Parameter(dimension) | Type | Input/Output | Description |
---|---|---|---|
icomm | integer | in | MPI communicator |
x_hi(m) | double precision | in/out | in: Initial vector (upper bits), out: Solution vector (upper bits) |
x_lo(m) | double precision | in/out | in: Initial vector (lower bits), out: Solution vector (lower bits) |
b_hi(m) | double precision | in | Right hand side vector (upper bit) |
b_lo(m) | double precision | in | Right hand side vector (lower bit) |
m | integer | in | Size of vector on each process |
nnd | integer | in | Number of diagonal elements arrays on each process |
ioff_dia(nnd) | integer | in | Offset of each non-zero diagonal elements array in DDM format |
val_dia_hi(m*nnd) | double precision | in | Non-zero elements of matrix stored in DDM format (upper bit) |
val_dia_lo(m*nnd) | double precision | in | Non-zero elements of matrix stored in DDM format (lower bit) |
num_neighbor_ranks | integer | in | Number of neighboring processes |
neighbor_ranks(num_neighbor_ranks) | integer | in | List of neighboring processes |
margin | integer | in | Maximum number of absolute value of ioff_grids |
ncomp_grids | integer | in | Dimension of structured grids |
ndiv_grids(ncomp_grids) | integer | in | Number of decomposed domains in each direction |
num_grids(ncomp_grids) | integer | in | Number of grids on each process |
ioff_grids(nnd,ncomp_grids) | integer | in | Offset of stencil data location in each direction |
div_direc_th | integer | in | Direction of thread parallelization ( 1:x, 2:y, 3:z) |
ipreflag | integer | in | Flag for preconditioner (0: none, 1: point Jacobi, 2: block Jacobi, 3: additive Schwartz) |
addL | integer | in | Overlapping width in the additive Schwartz method |
iflagAS | integer | in | Flag for the additive Schwartz method (1: BASIC, 2: RESTRICT, 3: INTERPOLATE, 4: NONE) |
itrmax | integer | in/out | in: maximum number of iterations, out: number of iterations |
rtolmax | double precision | in | convergence criterion (norm of relative residual error) |
reshistory(itrmax) | double precision | out | History of relative residual error |
iovlflag | integer | in | Flag for communication-computation overlap (0: none, 1: all processes, 2: each process) |
precon_thblock | integer | in | Number of blocks for each process of Block Jacobi preconditioning and Additive Schwarz preconditioning |
independ_nvec | integer | in | Size of diagonal blocks to be calculated independently in subdivision preconditioning |
nBlock | integer | in | Number of rows allocated to the thread cyclically. |
precision_A | integer | in | Precision of matrix (1: double precision, 2: quad precision) |
precision_b | integer | in | Precision of right hand side vector (1: double precision, 2: quad precision) |
precision_x | integer | in | Precision of solution vector (1: double precision, 2: quad precision) |
precision_precon | integer | in | Precision of preconditioner matrix (1: double precision, 2: quad precision) |
iret | integer | out | Error code (0:normal) |
call parcel_ddgmres_ddm( icomm, x_hi,x_lo, b_hi,b_lo, m, nnd,ioff_dia, val_dia_hi,val_dia_lo, num_neighbor_ranks,neighbor_ranks,margin,ncomp_grids, ndiv_grids,num_grids,ioff_grids, div_direc_th, ipreflag, addL,iflagAS, itrmax,rtolmax,reshistory, iovlflag, precon_thblock, independ_nvec, nBlock, gmres_m, gmres_GSflag, precision_A, precision_b, precision_x, precision_precon, iret )

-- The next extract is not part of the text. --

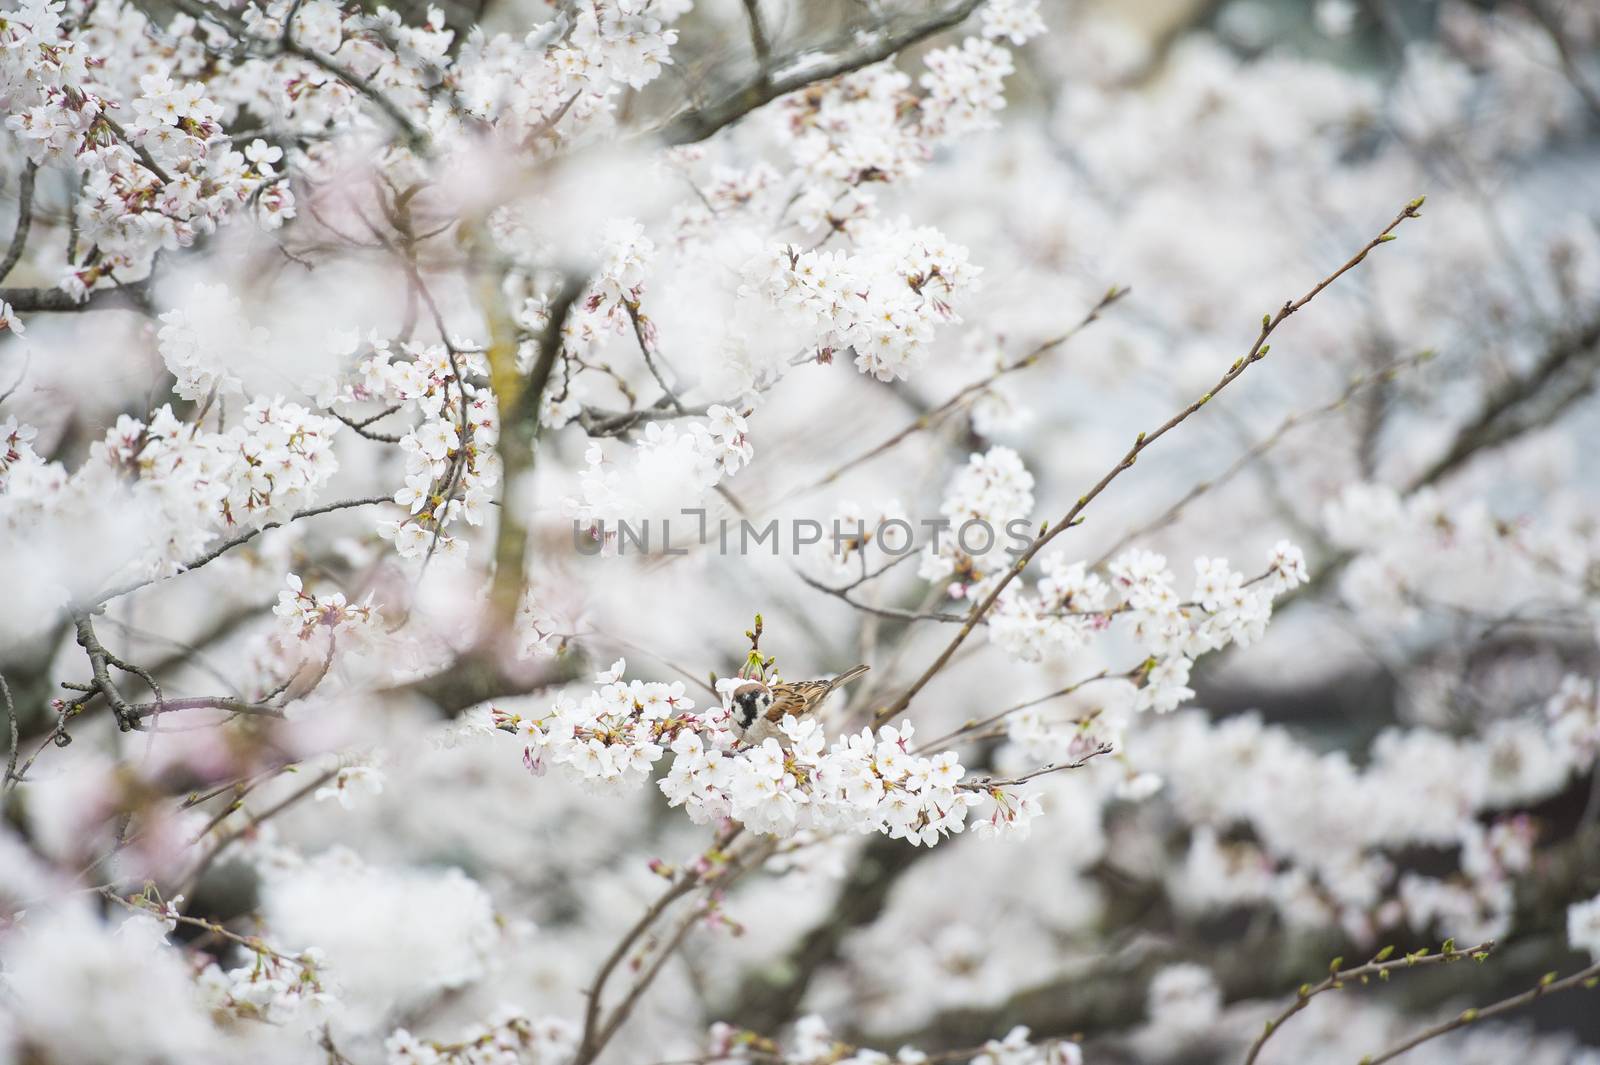 Japanese white flower and little bird
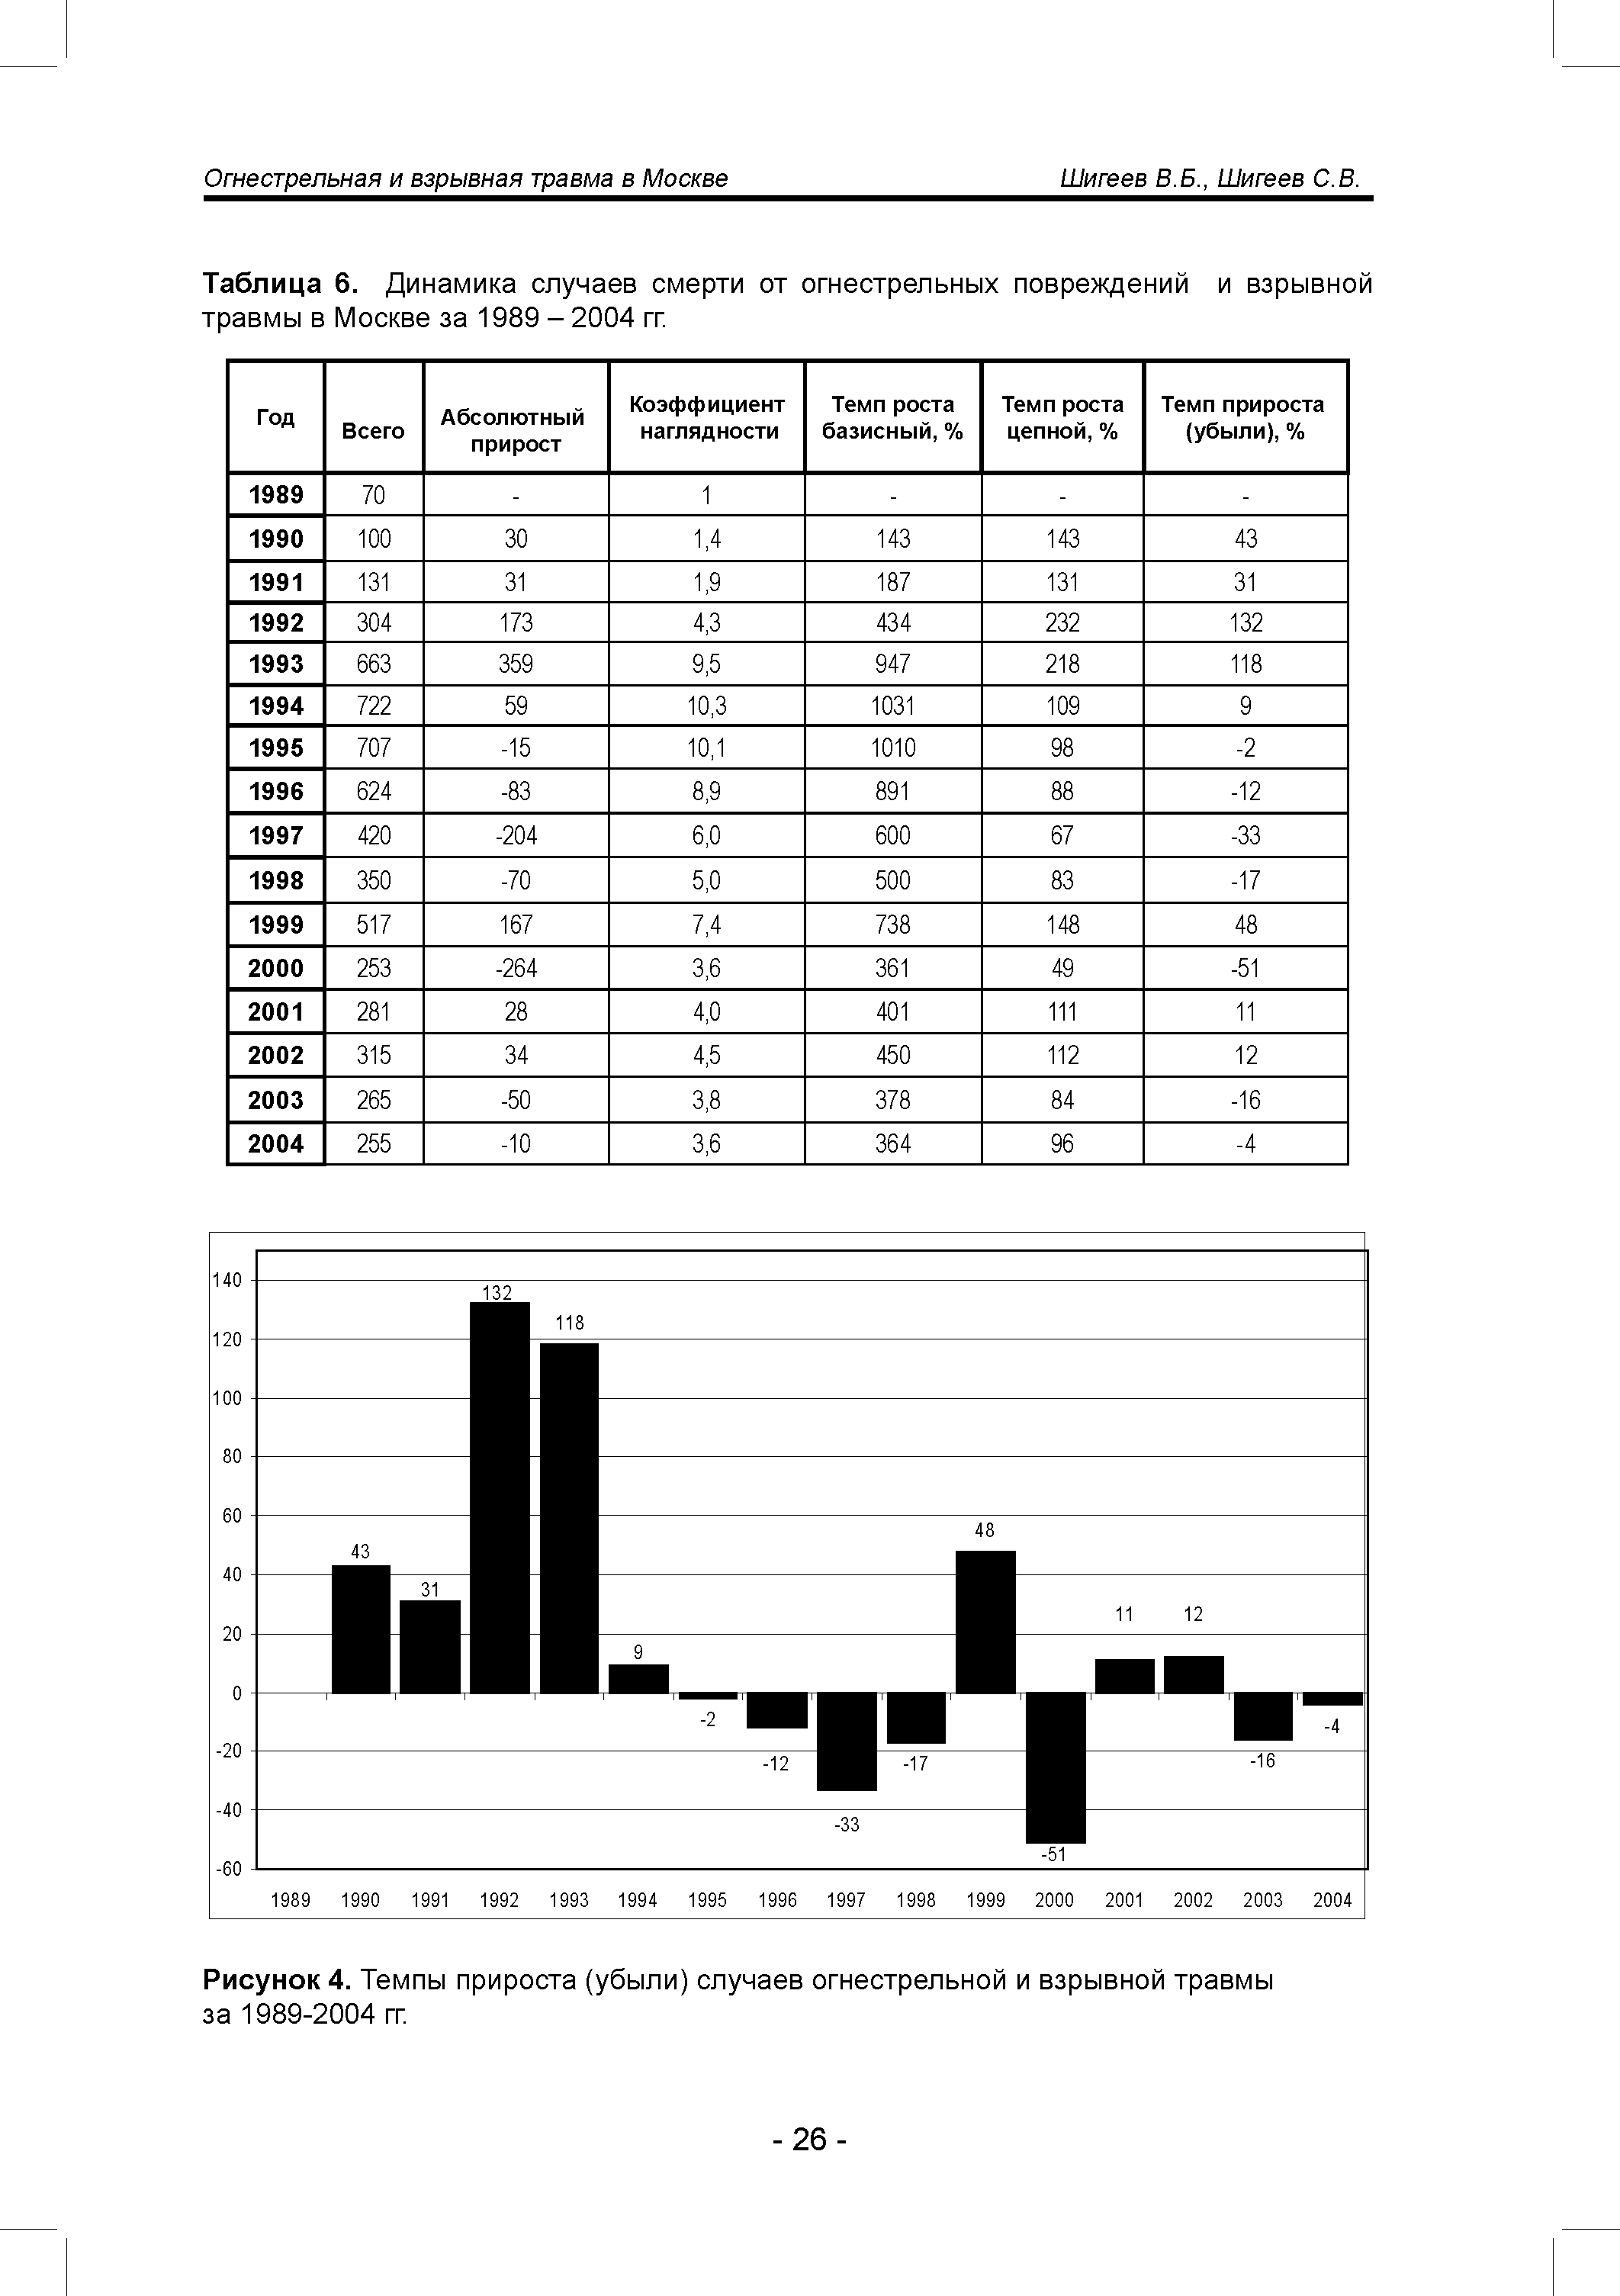 Рисунок 4. Темпы прироста (убыли) случаев огнестрельной и взрывной травмы за 1989-2004 гг.

A simultaneous linear equation system Ax = b is solved by the generalized minimum residual method (GMRES (m) method). Non-zero elements are stored in DDM format.
Parameter(dimension) | Type | Input/Output | Description |
---|---|---|---|
icomm | integer | in | MPI communicator |
x_hi(m) | double precision | in/out | in: Initial vector (upper bits), out: Solution vector (upper bits) |
x_lo(m) | double precision | in/out | in: Initial vector (lower bits), out: Solution vector (lower bits) |
b_hi(m) | double precision | in | Right hand side vector (upper bit) |
b_lo(m) | double precision | in | Right hand side vector (lower bit) |
m | integer | in | Size of vector on each process |
nnd | integer | in | Number of diagonal elements arrays on each process |
ioff_dia(nnd) | integer | in | Offset of each non-zero diagonal elements array in DDM format |
val_dia_hi(m*nnd) | double precision | in | Non-zero elements of matrix stored in DDM format (upper bit) |
val_dia_lo(m*nnd) | double precision | in | Non-zero elements of matrix stored in DDM format (lower bit) |
num_neighbor_ranks | integer | in | Number of neighboring processes |
neighbor_ranks(num_neighbor_ranks) | integer | in | List of neighboring processes |
margin | integer | in | Maximum number of absolute value of ioff_grids |
ncomp_grids | integer | in | Dimension of structured grids |
ndiv_grids(ncomp_grids) | integer | in | Number of decomposed domains in each direction |
num_grids(ncomp_grids) | integer | in | Number of grids on each process |
ioff_grids(nnd,ncomp_grids) | integer | in | Offset of stencil data location in each direction |
div_direc_th | integer | in | Direction of thread parallelization ( 1:x, 2:y, 3:z) |
ipreflag | integer | in | Flag for preconditioner (0: none, 1: point Jacobi, 2: block Jacobi, 3: additive Schwartz) |
addL | integer | in | Overlapping width in the additive Schwartz method |
iflagAS | integer | in | Flag for the additive Schwartz method (1: BASIC, 2: RESTRICT, 3: INTERPOLATE, 4: NONE) |
itrmax | integer | in/out | in: maximum number of iterations, out: number of iterations |
rtolmax | double precision | in | convergence criterion (norm of relative residual error) |
reshistory(itrmax) | double precision | out | History of relative residual error |
iovlflag | integer | in | Flag for communication-computation overlap (0: none, 1: all processes, 2: each process) |
precon_thblock | integer | in | Number of blocks for each process of Block Jacobi preconditioning and Additive Schwarz preconditioning |
independ_nvec | integer | in | Size of diagonal blocks to be calculated independently in subdivision preconditioning |
nBlock | integer | in | Number of rows allocated to the thread cyclically. |
gmres_m | integer | in | Number of iterations until restart |
gmres_GSflag | integer | in | Flag for orthogonalization algorithm (1: MGS, 2: CGS) |
precision_A | integer | in | Precision of matrix (1: double precision, 2: quad precision) |
precision_b | integer | in | Precision of right hand side vector (1: double precision, 2: quad precision) |
precision_x | integer | in | Precision of solution vector (1: double precision, 2: quad precision) |
precision_precon | integer | in | Precision of preconditioner matrix (1: double precision, 2: quad precision) |
iret | integer | out | Error code (0:normal) |
call parcel_dqr(n,s,icomm,V,Q,R,iQRflag)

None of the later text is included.